We can’t help but think about the fact that wars are often fought for power, for land and for
the personal interests of the ones with authority. The innocent civilian who cares not more
than proving food on the table for his family by working day and night has nothing to do with
the demons of the ones who rule them. Yet they are the ones who suffer the most. The rulers
are mostly sitting in their palaces comfortably while their citizens are the ones giving up their
lives, their women getting raped and their children displaced. What is their sin? All they want
is to carry on with their lives, they have no interests in winning or losing wars. No one wants
to lose all their belongings, their loved ones, their shelter and most importantly their lives. It’s
not their war to fight, why should they be the ones that suffer?
A very notable theme that we find in many of these writing is that of the detatchment and the
hope for a long awaited reunion. Many families were divided during the horrors of the
holocaust, some members passed away, some were taken prisoners and had to settle
elsewhere with no connection to their families. The one thing these victims could hold on to
was hope. The hope that they will one day be reunited with their families. The hope that they
will get to live their lives to their fullest and grow old watching their offsprings grow up.
Zofia Romanowicz was a Polish Jew who was separated from her family. In her poem ‘To
my little girl’, she talks about what she’ll do for her daughter after everything is over. She
hopes to see her again and go back to being a normal family. She writes:
“I’ll make a set of dishes for my little girl,
I think it will be lovely;
I’ll mold goblets,
I’ll turn plates,
I’ll paint it with wonders,
Suns, stars, birds –
                  How my little girl will clap her hands!” (Romanowicz)

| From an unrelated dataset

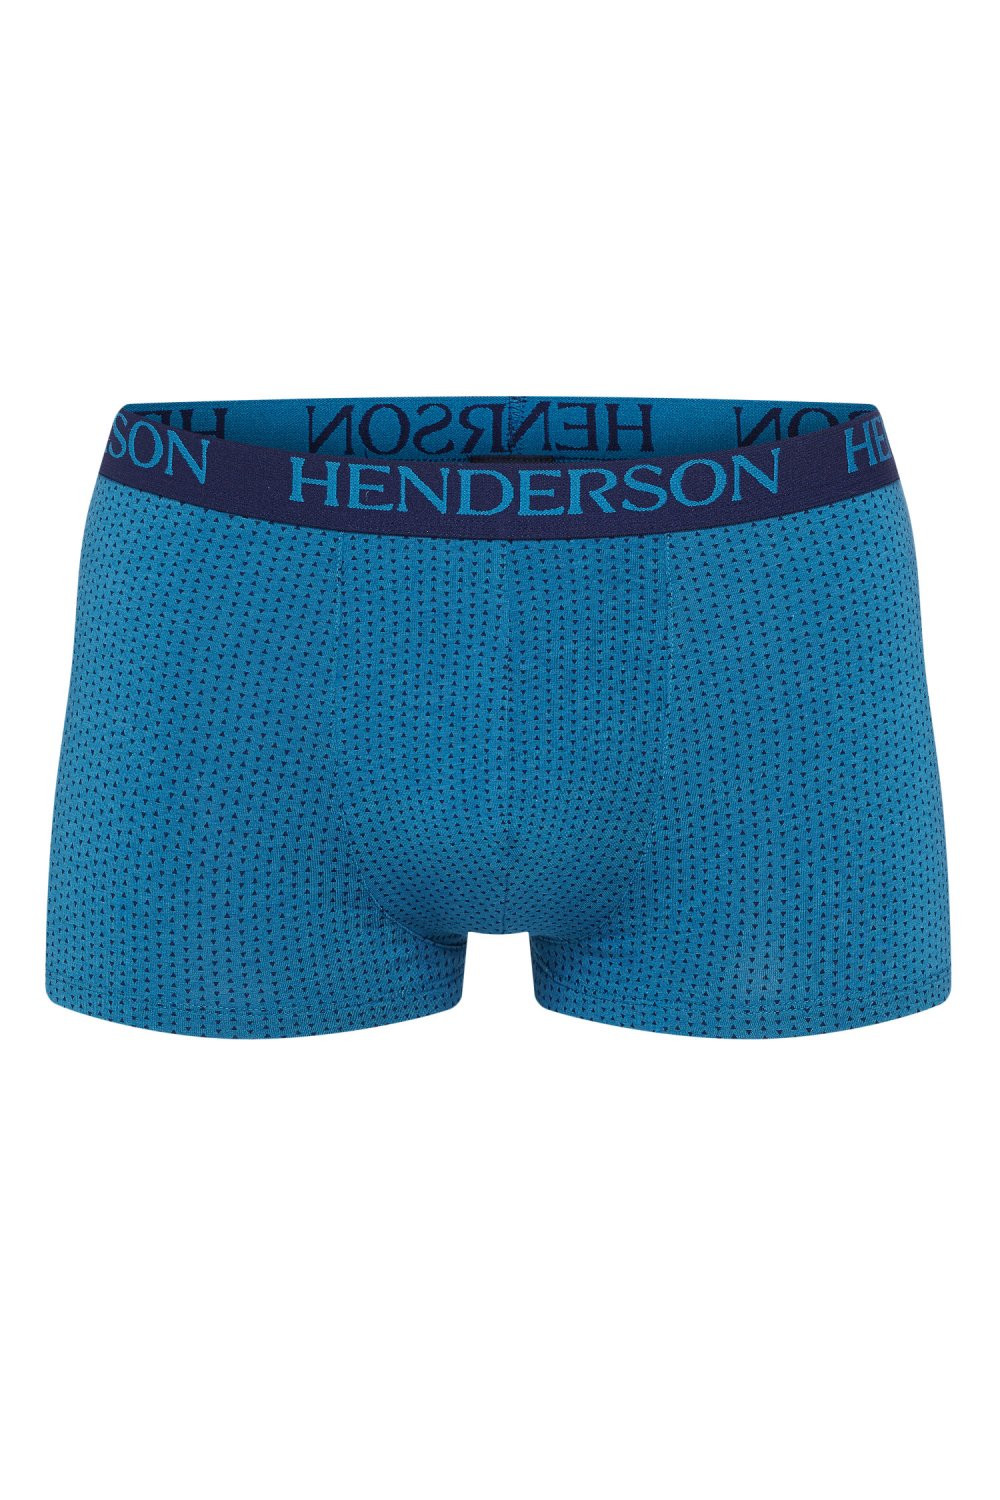 Pánské boxerky 37797 - HENDERSON tmavě modrá XXL

Hope and regret are two feelings that go together. Victims often felt the regret of not being a
good son, a good father, a good friend when they had a chance. They hope to redeem
themselves after they are set free. After years of prolonged wars like the World War 2, in
comes despair. The victims have been through so much, they have seen so much blood and
killing, they eventually lose hope. But then again, it’s only hope that they linger on to.
Watching cities getting wiped out, hundreds and thousands of people who you once knew as
friends, family, neighbours, someone who used to work at the city library, the man who sang
for you on the radio, they are all torched in front of you, you have to live the rest of your live
with that sight stored somewhere deep inside your mind. What’s the point of having life?
In modern day we see many museums and memoirs have preserved the history of the
holocaust. Letters, poems, diaries, books and pictures have been kept to remind mankind of
how low it can fall. The fact that the holocaust began in the first place is mankind’s failure.
How did humans manage to hate a community to such an extent that they decided to wipe
them out of existence? The literature we read from the holocaust helps prevent such act of
brutality from happening again. But do we learn?

Bibliography
Frank, Anne. The Diaries of Anne Frank. 1947.

kimel, Alexander. i cannot forget. 1942.

Klien, Ceciline. Sentenced to live. 1983.

Romanowicz, Zofia. To my little girl. 1944.